By Patrick Coffin
Many people feel it’s impossible, even pointless, to try to understand the Trinity. They feel it’s either an unsolvable puzzle, like a square circle, or an abstraction up in the clouds somewhere. For others, it’s an article of faith, and that’s enough for them. “It’s a mystery,” they shrug, and turn back to the football game. But we were made to understand the Trinity. If we’re going to spend eternity with God—and Gods says He is a Trinity—it’s a good idea to learn as much as possible about what that means. If you were on a bus to Florence, wouldn’t your visit be more enjoyable in proportion to how much you learned about art?
They mystery of the Trinity embraces every other mystery of our faith: our creation, our identity in Christ, and our final destiny in heaven. It’s the tantalizing secret God couldn’t keep to Himself (Rom 16:25, 26), which in the fullness of time, He sent His Son to reveal (Gal 4:4).

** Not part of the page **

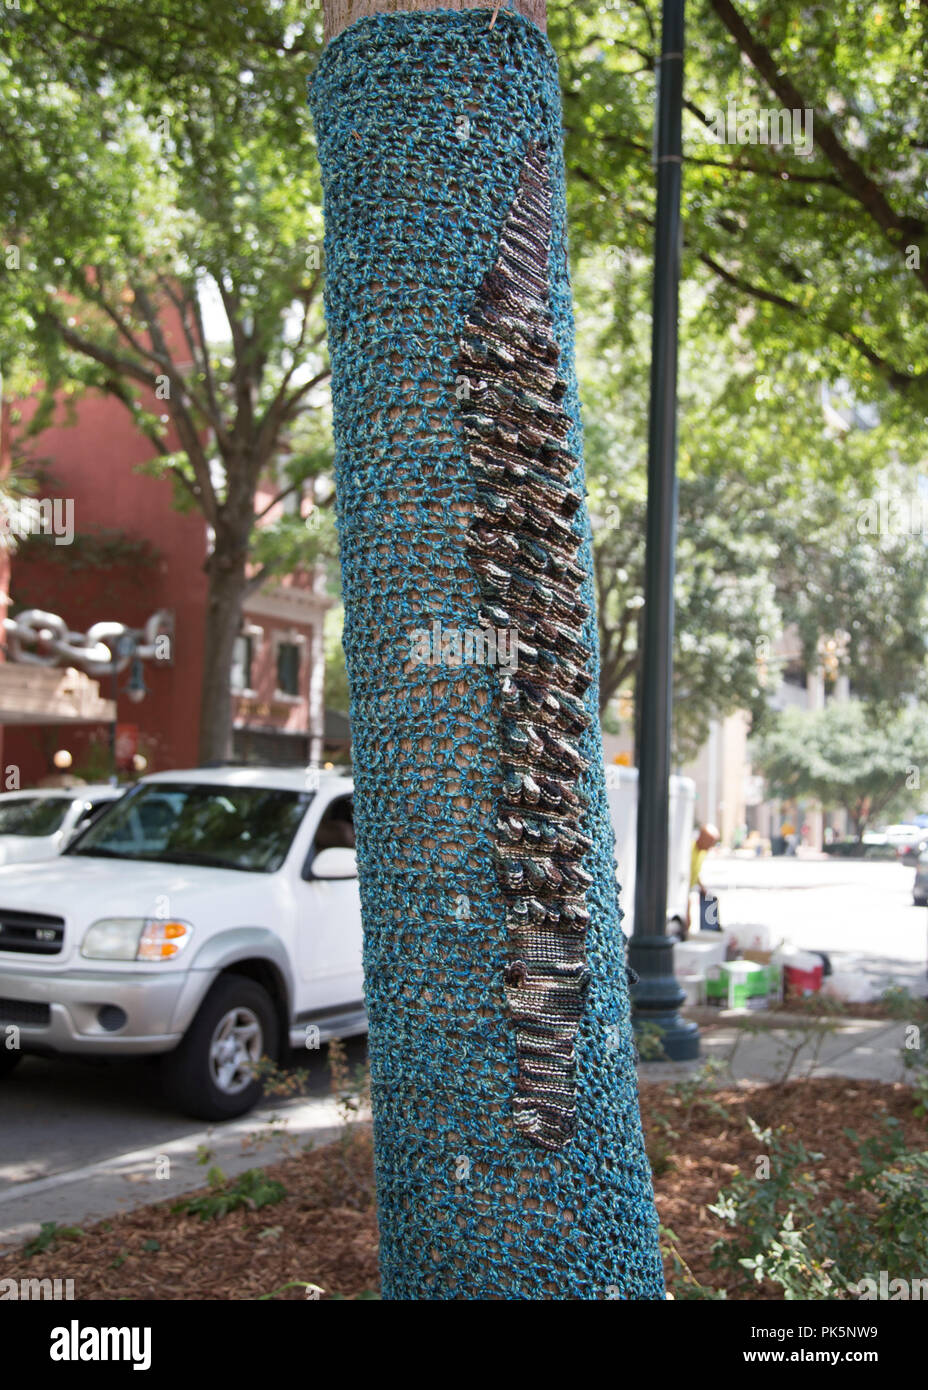 group of guerrilla knitters attacked Main Street Columbia south carolina,they yarn bombed Trees, signs, parking meters, lampposts and bike racks along the 1500 block main Street photo by Catherine Brown Stock Photo

The early Church formulated the Trinitarian dogma, fittingly enough, over the course of the three Ecumenical Councils, Nicea (325), Ephesus (431), and Chalcedon (451). The dogma may be summarized by saying that God is one divine nature (His whatness) which belongs to three divine Persons (His whoness). The Father is God, the Son is God, and the Holy Spirit is God; and none of the Persons is any of the other. One God, not three Gods. The First Person, the Father, we designate as Creator; the Second Person, the Son, we designate as the Redeemer; and the Third Person, the Holy Spirit, we designate as the Sanctifier. O, the Father above; the Son beside; the Spirit within.
While Christians, like Jews and Muslims, believe strictly in one God, this one God drops a hint early on about some kind of plurality within Himself. After creating the world and everything in it, God suddenly uses the first person plural when creating man. “Let us make man in our image, after our likeness” (Gen 1:26). This idea is repeated when sin enters the Garden. “Behold, the man has become like one of us, knowing good and evil” (Gen 3:22).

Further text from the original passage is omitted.